The following additional events are proposed to simplify scripting and to provide a more complete set of events for intrinsic HTML elements.

OnHide
Sent by an object when it is hidden, either by another window, or when the document is pushed onto the history stack when the user follows a link to another page.
OnShow
Sent by an object when it is shown, e.g. when the user backtracks to an earlier page, or when the page is shown following a click on a link. This is the inverse of the OnHide event.
OnDoubleClick
Sent by an object when the user double clicks on it with a pointer device.
OnTrack
This is a synonym for OnMouseOver and sent when the pointer device is moved over an object.
OnDrag
Sent by an object as it is dragged by a pointer device.
OnDrop
Sent by an object when it is dropped after a drag operation.
OnChar
Sent by the object with the focus when the user types a character.
OnUnfocus
This is a synonym for OnBlur and sent when the object looses the input focus.

The messages for each of these events include certain parameters. All events include a handle to the originating object, so that the script can send messages back to the object that sent the event.

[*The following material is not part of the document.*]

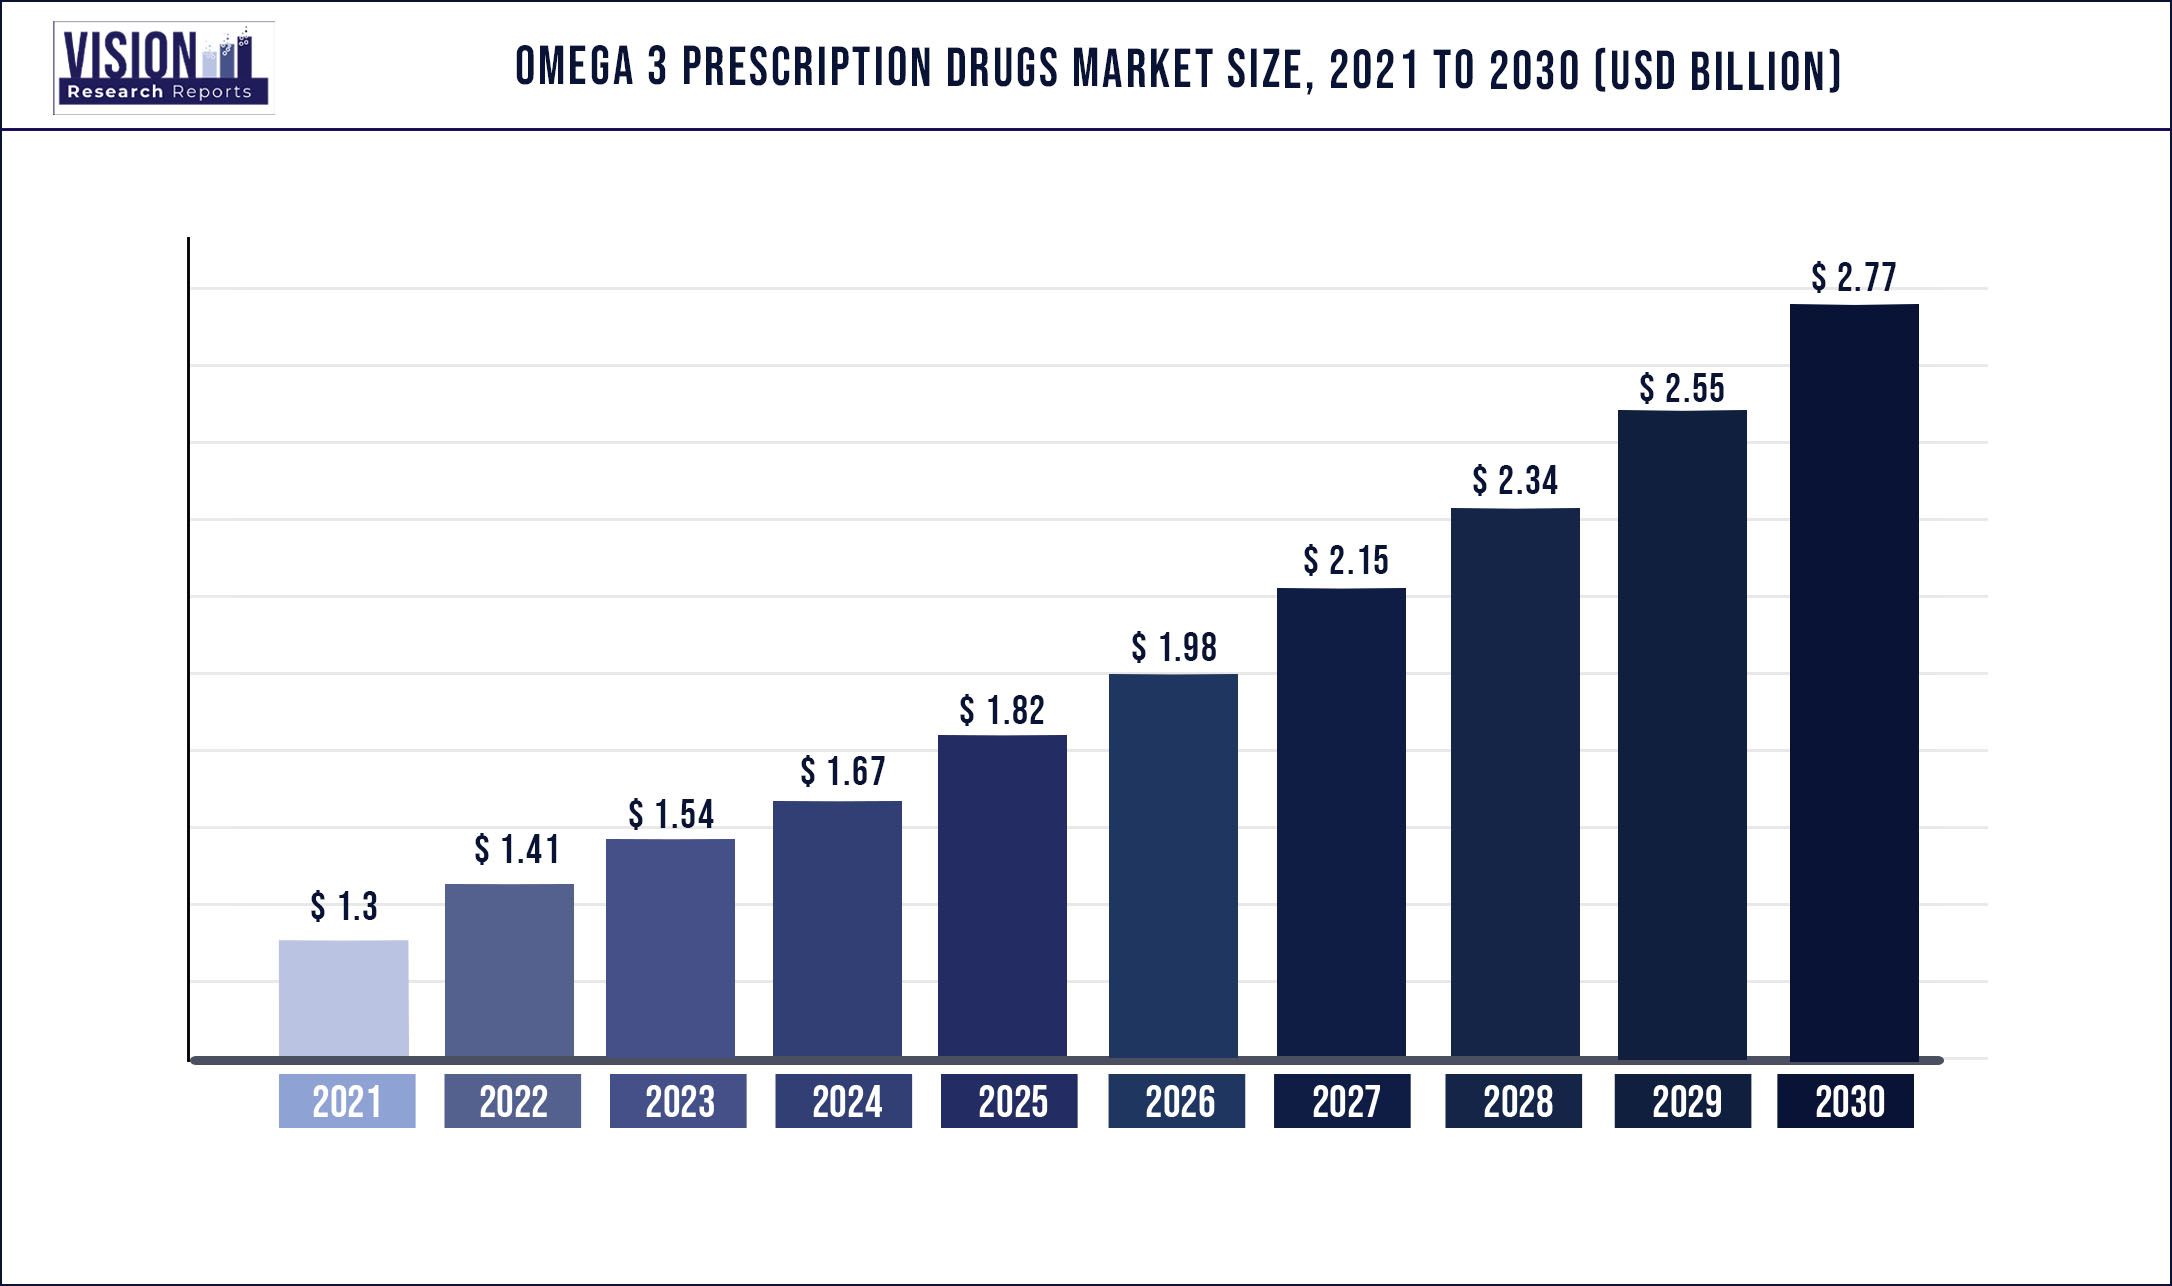 Omega-3 Prescription Drugs Market Size 2021 to 2030

Certain events include additional parameters as follows:

OnClick
OnDoubleClick
The number of the button which was clicked as well as the x and y offset for the location clicked.
OnTrack
OnDrag
OnDrop
The x and y offset of the current pointer position.
OnChar
The character code and any associated modifiers.

Note: Do we want to include a formal definition of events using say IDL? What additional parameters should be included and for what event types?

We need to define which events are generate by what HTML elements.

Associating scripts with HTML

Scripts can be placed in separate files and referenced from the HTML document via URLs. One way of achieving this is to use the LINK element and REL=script, e.g.

    <LINK REL=script TYPE="application/perl; version=5.0" HREF="script.pl">

The forward relation "script" indicates that the URL specified with the HREF atttribute references a script. The TYPE attribute is optional and provides an advisory indication of the scripting language used. Authors can provide several such LINK elements, as alternative scripts, e.g. in different scripting languages. The TYPE attribute is then used by the user agent to select a script in a language for which it has support.

The SCRIPT element can be used to reference external scripts using the SRC attribute and to include script statements within the HTML document, e.g.

    <SCRIPT SRC=script.js>
    ... Additional JavaScript statements ... 
    </SCRIPT>

The optional SRC attribute gives a URL to an external script. This is formally equivalent to using a LINK element with REL=script. External script statements are read in and evaluated before the script statements contained within the SCRIPT element itself. Functions are stored, but not executed. Functions are executed by events in the document.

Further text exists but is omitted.